There was a patient admitted with pancreatitis, receiving the usual for that diagnosis: NPO, IVF, Dilaudid and Phenergen. Apparently she was asking for her meds as soon as they were due, if not sooner. Nothing new under the sun for pancreatitis.

Was she drug seeking? I don't know, but I don't think it matters. I know I've never had pancreatitis so I don't suppose to know the agony involved. I imagine it's a painful experience. With those cases, I give the meds if they're ordered, due and there are no contraindications. No problem, right?

Well...

My coworker had the bright idea of printing out information on drug addiction, highlighting parts of it and placing it on the patient's bedside table as she slept.

I most likely don't have to share that the patient was very upset. Oh yeah, did I mention that the patient is a hospice nurse? The patient stated after the incident that if she wanted to abuse drugs, she didn't have to come to the hospital. She had easier access to much better stuff.

I cannot understand how or why anyone could think that this is acceptable!

But ya know what? Nurse Nancy doesn't think she did anything wrong.

I'm going to add that this is the same nurse who told me in report that a patient suffering from a stress-induced flair-up of oral herpes virus "need[ed] an HIV test." Hmm, okay. The patient was septic with S. pneumoniae and intubated for a while. Yeah, I think my body would be stressed too...especially since I have HSV! Does that mean I need an HIV test?

Just so y'all know, management is aware and has spoken to her. Patient relations is also involved.

I just had to see if other nurses were as horrified as I am concerning her behavior.

Specializes in Medical.
Even if the patient is a drug addict it is non of the nurses bizness, the nurses job is to follow orders and not make judgements on people they don't know. If they want to talk about it they will The best and only way to approach a using drug addict is just as easy. You say "If you think there might be a problem Check out AA or NA." thats it, nothing more and walk away. It is like planting a seed. If they aren't an addict they will not think twice about it If they are they know where to go.

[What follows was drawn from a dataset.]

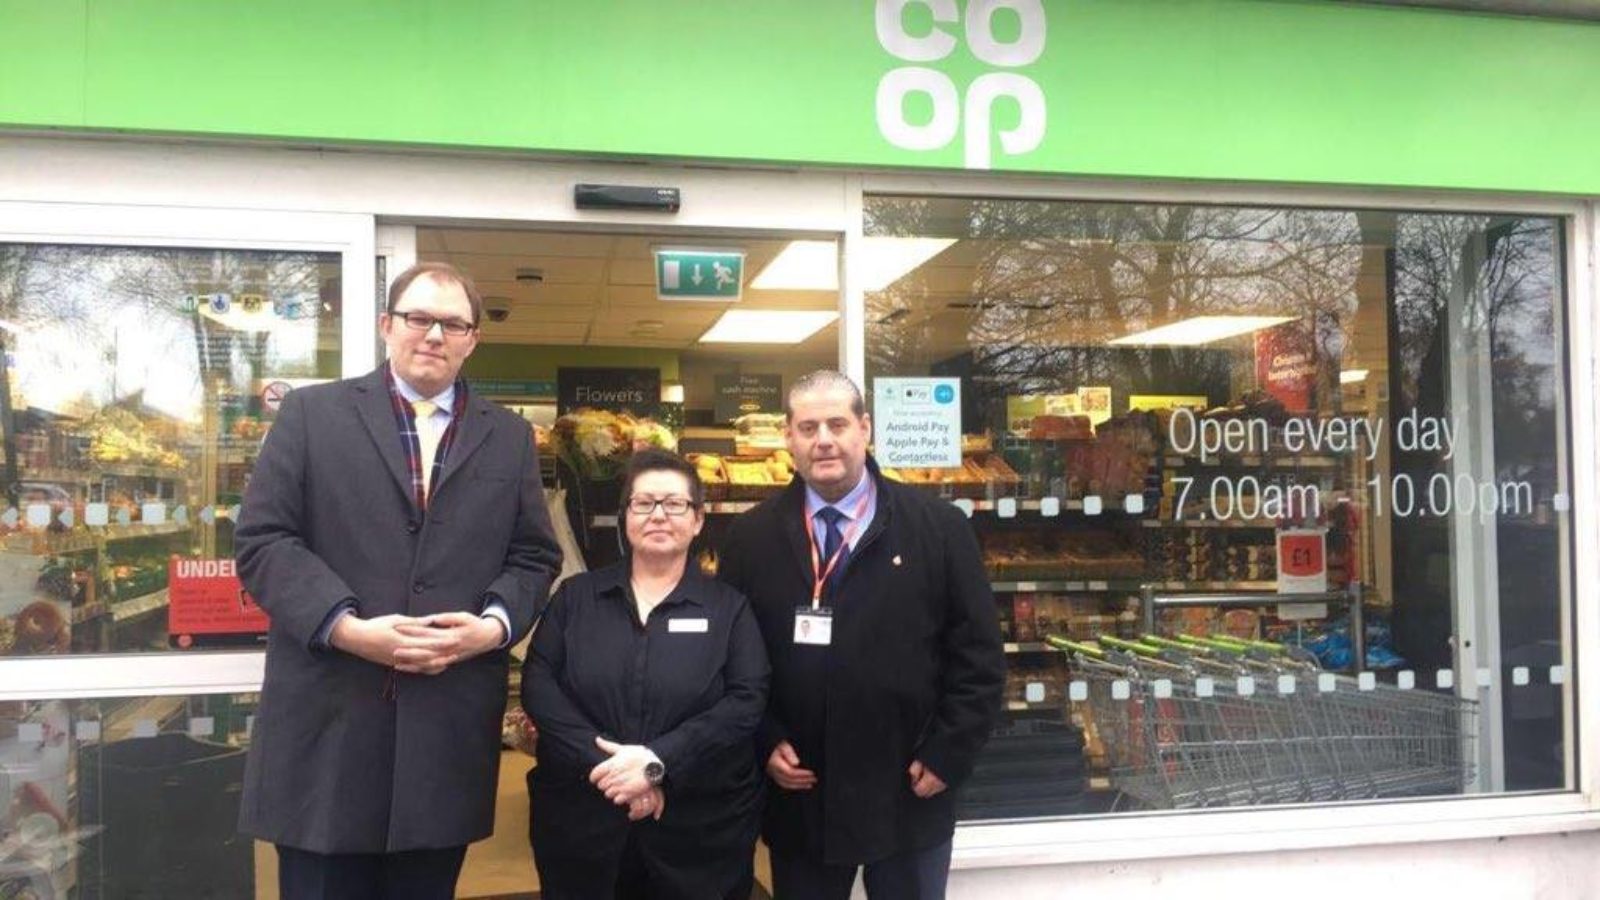 Gareth outside the Co-Op store in Penkill with Debra an employee and Paul from Usdaw Union.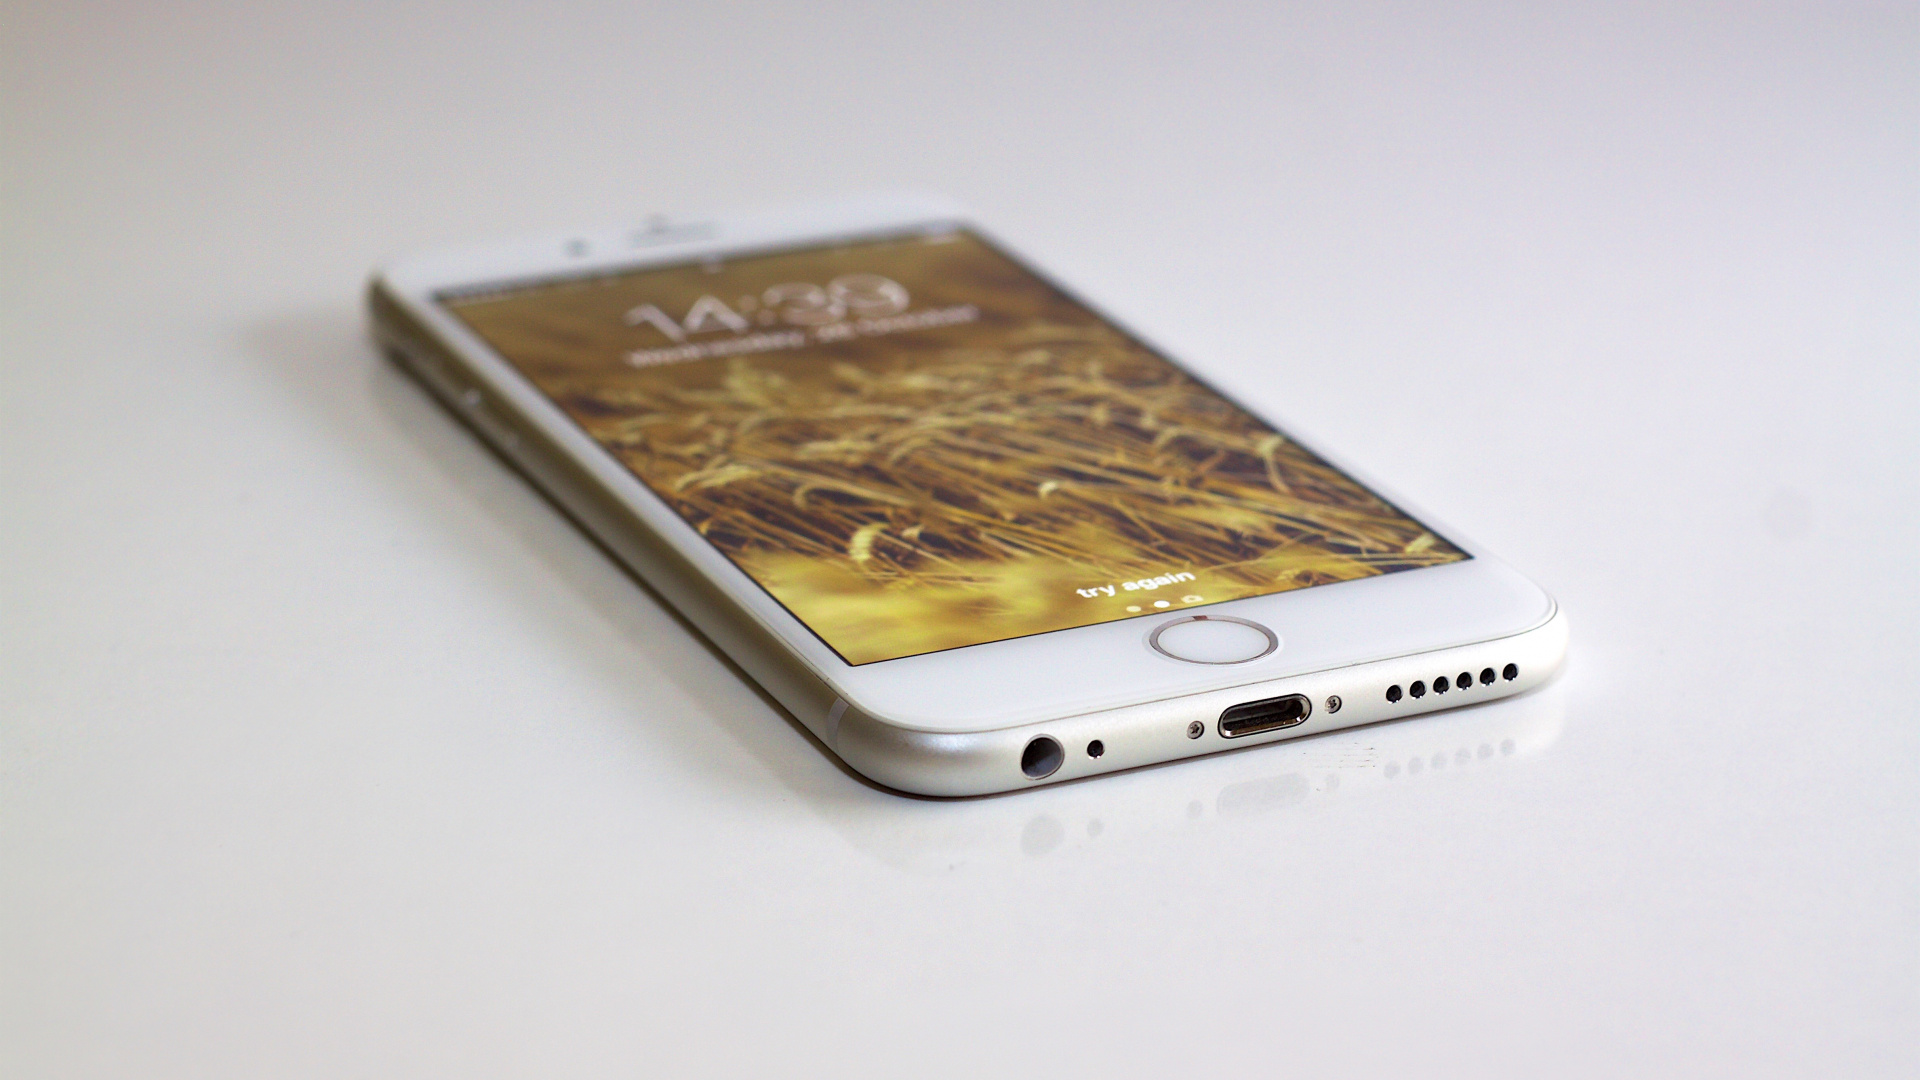 Gold Iphone 6 on White Table. Wallpaper in 1920x1080 Resolution

I disagree - I think drug dependency is absolutely our business, and I very much disagree that my job is to follow orders. I also think that 1) managing drug addiction is a little more complicated and 2) saying you think the patient has a problem and ought to consider a 12-step program is just a less significant a wrong as the one described by the OP, at least in this situation.

Regardless of any question of drug dependency, the time to tackle addition is not when a patient is acutely ill, particularly if they also have pain. If the OPs colleague had been genuinely concerned about substance abuse

and actually wanted to assist the patient with this (rather than alienate the patient while expressing her own bias/spleen/issues) she could have expressed her concern about the lack of efficacy of the prescribed analgesia or (my preferred option) see if the demand for pain killers diminished as the pancreatitis resolved.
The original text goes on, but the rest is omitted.